Blood Sugar Improvements at Altitude
One of the more intriguing metabolic effects of altitude is improved blood sugar regulation. People who live at higher elevations tend to have lower fasting blood sugar and better glucose tolerance compared to those living near sea level. Lowlanders exposed to very high and extreme altitude for three to eight weeks showed significant reductions in fasting blood sugar, and similar improvements have been documented in people who relocated to high altitude for 24 months, regardless of physical activity levels.
The mechanisms behind this are not fully understood, but the increased glucose uptake driven by HIF-1 alpha, the shift toward carbohydrate metabolism, and the heightened sympathetic nervous system activity all likely contribute. The benefit appears to be an acquired trait rather than a genetic one, since it develops in lowlanders who move to altitude and fades when high-altitude natives migrate to sea level. Early observations by the Peruvian physiologist Carlos Monge-Cassinelli found that Andean natives who had lived at sea level for at least a year had the same fasting blood sugar as coastal natives.
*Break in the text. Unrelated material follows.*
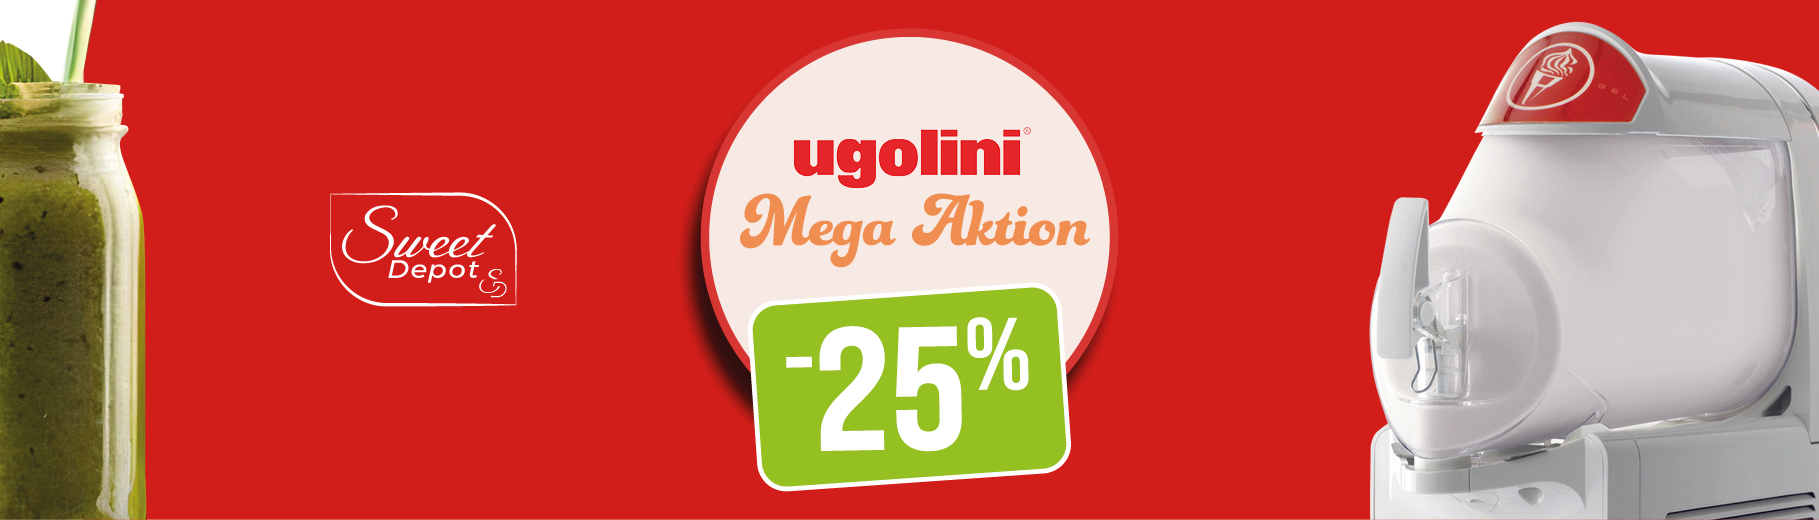 ugolini-mega-aktion_banner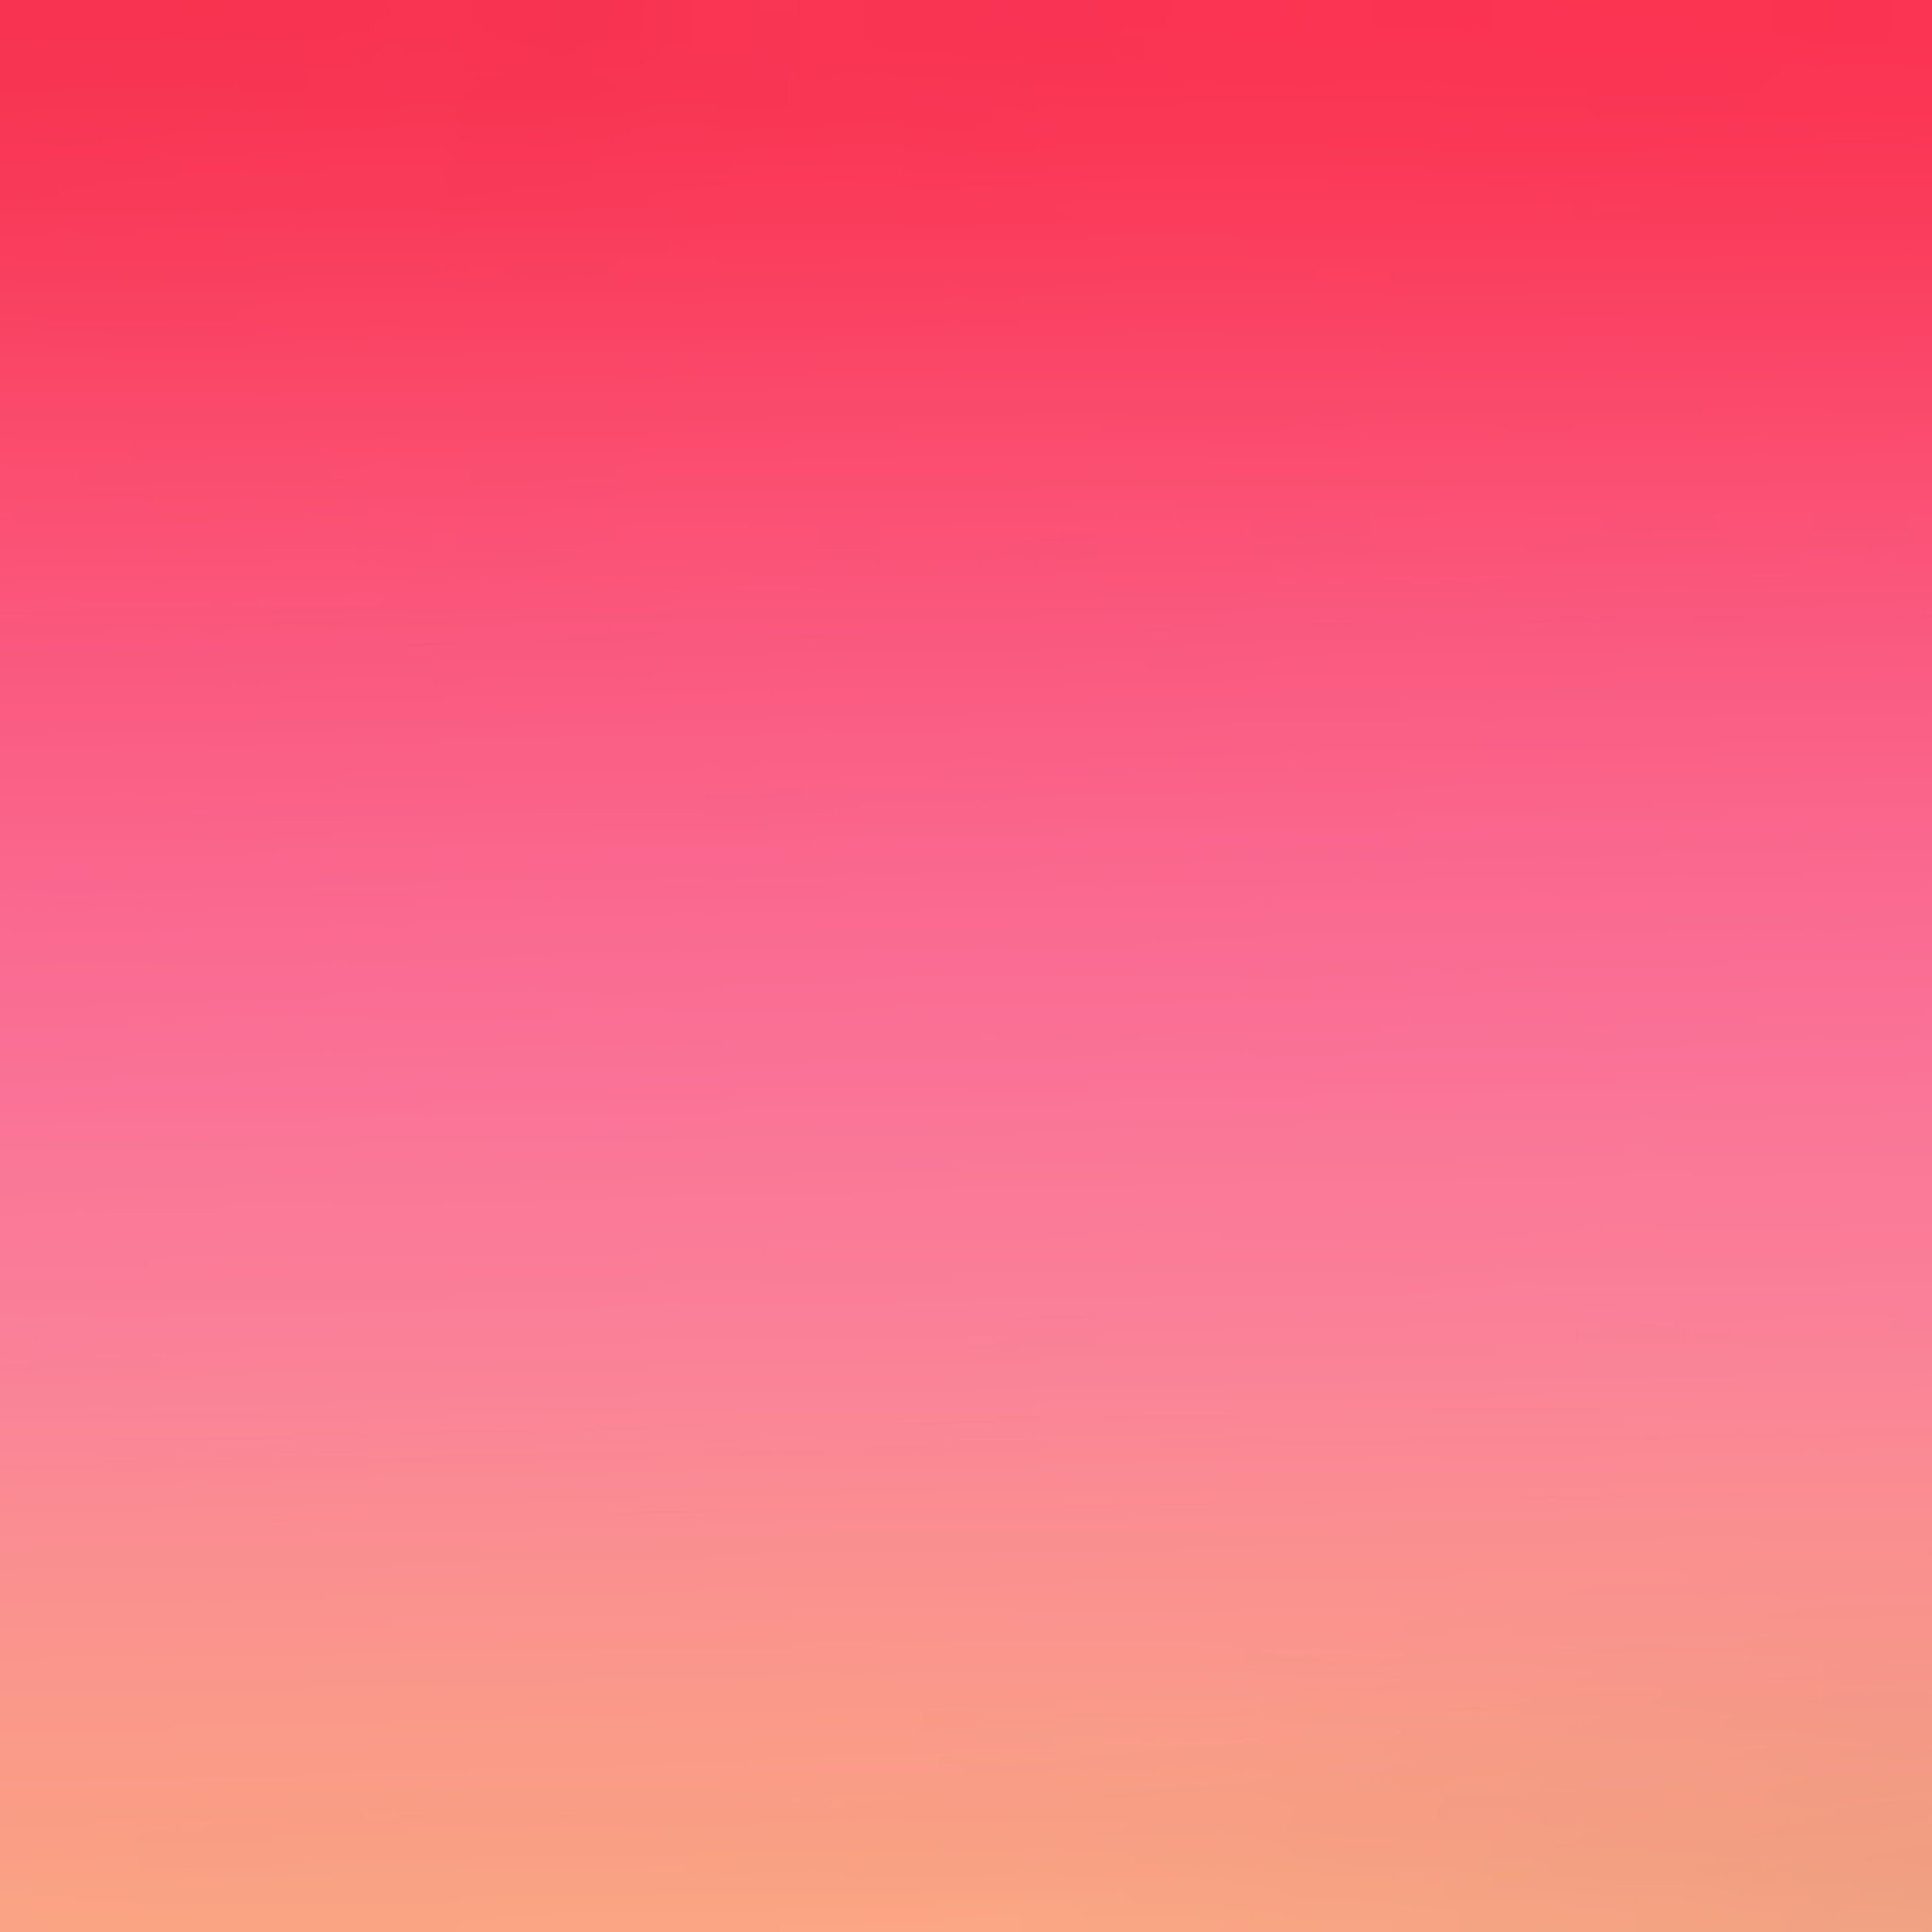 Download Variation - Ombre Pink And Orange - HD Wallpaper

What This Means for Altitude Travelers
If you’re heading to high altitude for hiking, skiing, or work, a few practical realities follow from these metabolic changes. Your body will burn more calories than usual for the first one to two weeks, potentially 10% to 27% more at rest alone, before settling back toward normal. At the same time, your appetite will likely decrease, making it easy to under-eat without realizing it. Prioritizing carbohydrate-rich foods makes sense because your body is already shifting toward carbohydrates as its preferred fuel source, and these foods deliver more energy per unit of oxygen consumed.
Staying well hydrated takes deliberate effort. The dry air and faster breathing at altitude pull water from your body faster than you might expect, and dehydration compounds fatigue and impairs performance. Planning for higher fluid intake, ideally 3 to 4 liters per day during physical activity at altitude, helps offset these losses. Most metabolic adjustments stabilize within 7 to 14 days, so the first two weeks are when the mismatch between energy output and energy intake is greatest, and when paying attention to nutrition matters most.